Fury is 596mm2 ( taken on Anandtech review )... But at least at 28nm, both nvidia and AMD have hit the reticule limit of TSMC.. I dont know what is the limit on 14-16nm. ( But will they really want to hit the bigger sized chip on the first series of this new process ? ... I dont think... )
Im not sure the interposer size is a limiter factor there.
For the purposes of manufacturing the GPUs, the limit is an optical one related to the equipment. It's not going to change much.
The interposer for Fiji did a few things to allow the whole assembly to exceed the reticle limit for the interposer. The interposer itself is larger, but the patterned area subject to optical limits does not cover the whole interposer. The GPU runs right up to the limit on one dimension, and the HBM stacks partially extend past the edge of the patterned region, taking some spacing pressure off of the GPU.

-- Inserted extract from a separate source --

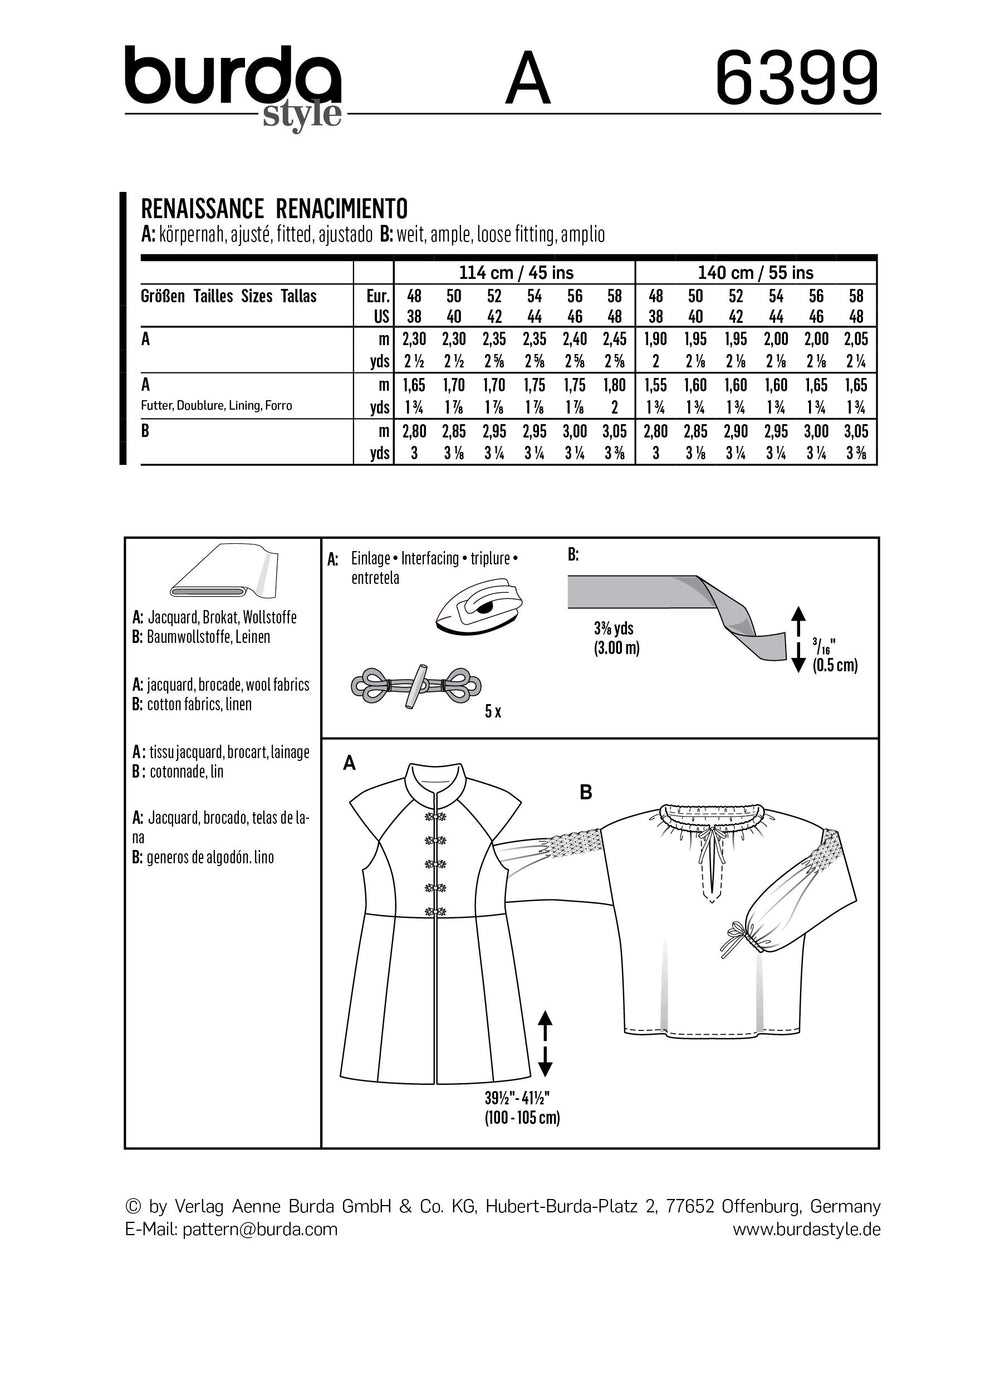 BD6399 Men's Renaissance Shirt from Jaycotts Sewing Supplies
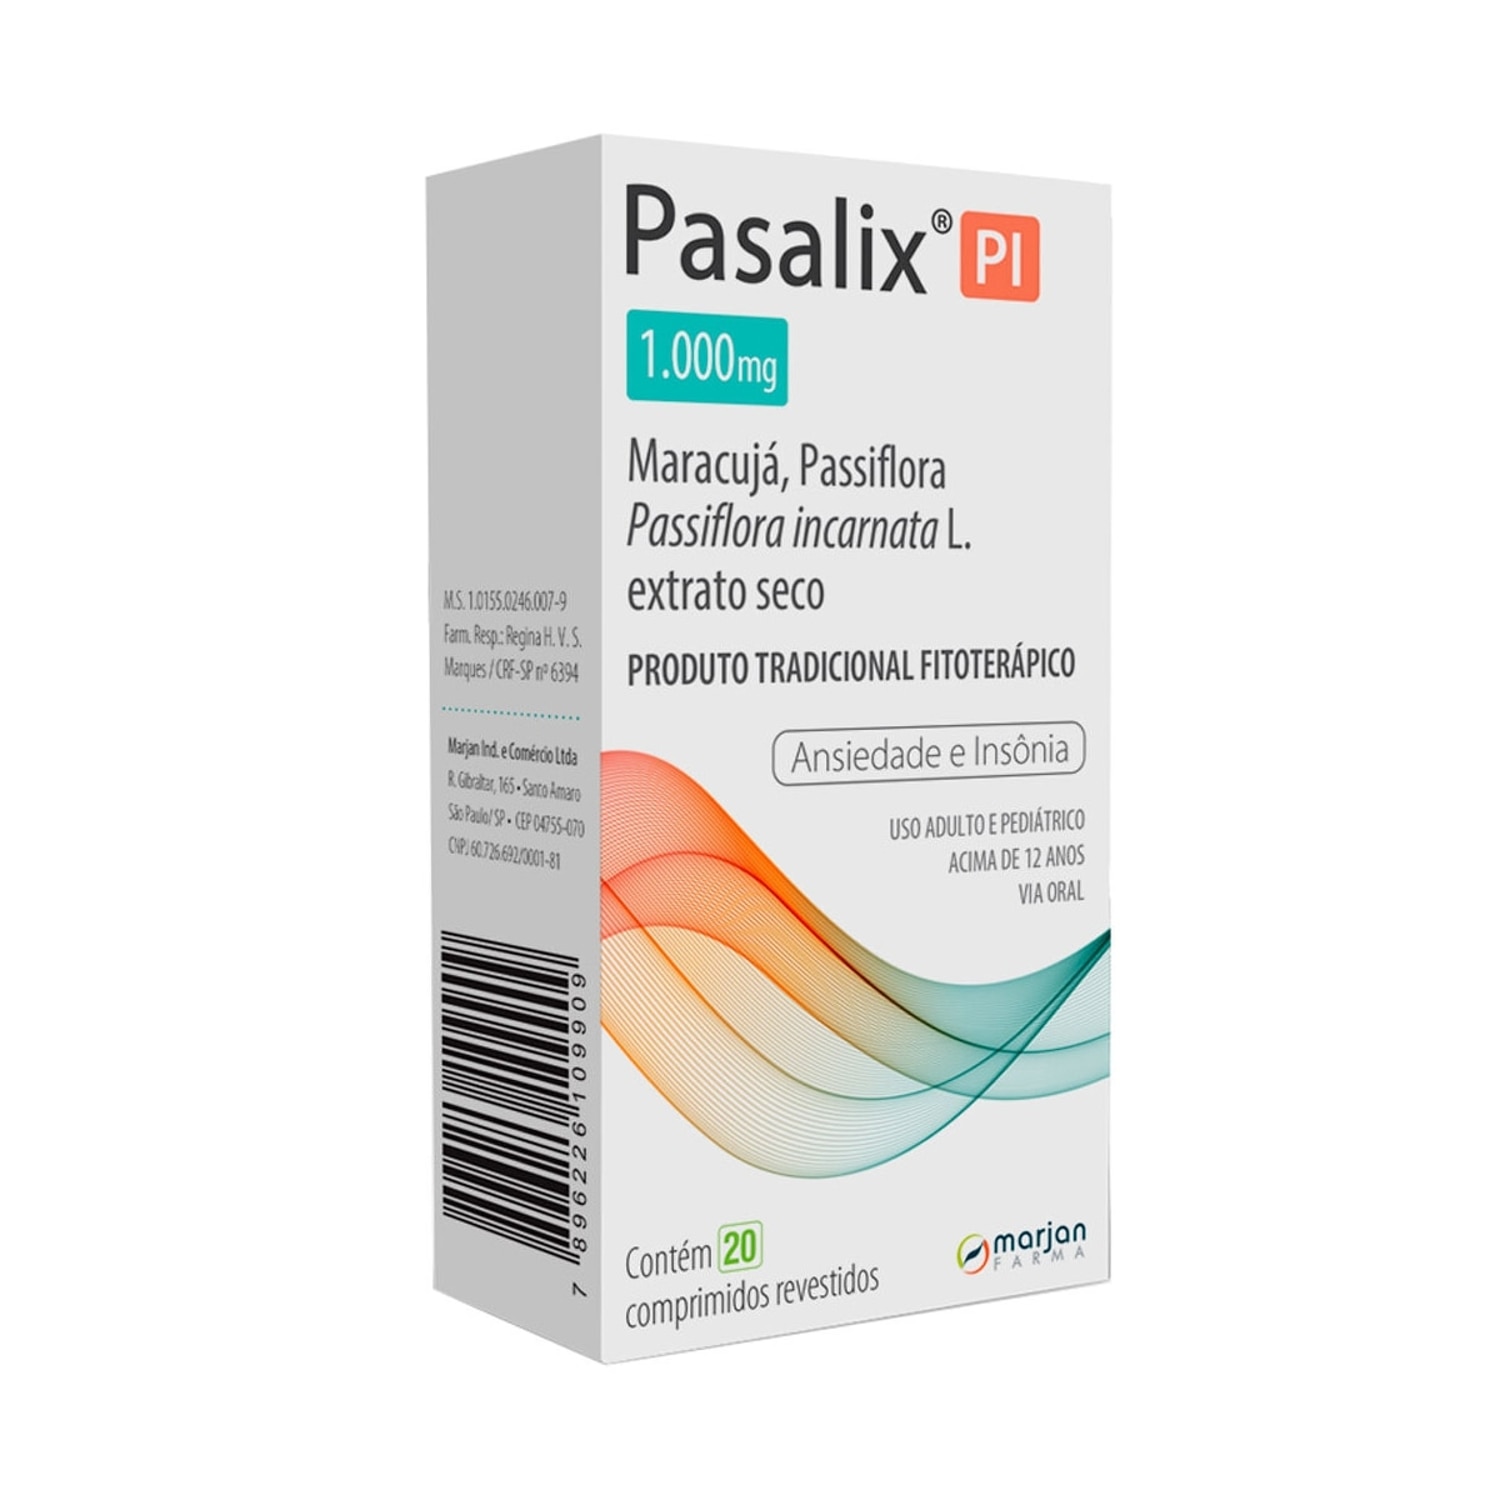 Pasalix PI 1000mg 20 Comprimidos Revestidos

There are ways to expand the area of the interposer, with varying degrees of complication and risk.
Some of TSMC's planned products for 2.5D integration might be expanding the limit, and others might be doing so as well as they get past the early implementations of the concept.
Reticle size should stay the same for all intends and purposes. But I haven't read anywhere, why HBM2 should be significantly bigger, quite the contrary, they're within the same JEDEC spec, not even officially named HBM2.
What was called HBM2 is a separate revision of the spec, but it the package is defined to be larger than the early version of the memory used by Fiji.
http://www.anandtech.com/show/9969/jedec-publishes-hbm2-specification
HBM2 memory stacks are not only faster and more capacious than HBM1 KGSDs, but they are also larger. SK Hynix’s HBM1 package has dimensions of 5.48 mm × 7.29 mm (39.94 mm2). The company’s HBM2 chip will have dimensions of 7.75 mm × 11.87 mm (91.99 mm2). Besides, HBM2 stacks will also be higher (0.695 mm/0.72 mm/0.745 mm vs. 0.49 mm) than HBM1 KGSDs, which may require developers of ASICs (e.g., GPUs) to install a heat-spreader on their SiPs to compensate for any differences in height between the memory stacks and GPU die, to protect the DRAM, and to guarantee sufficient cooling for high bandwidth memory.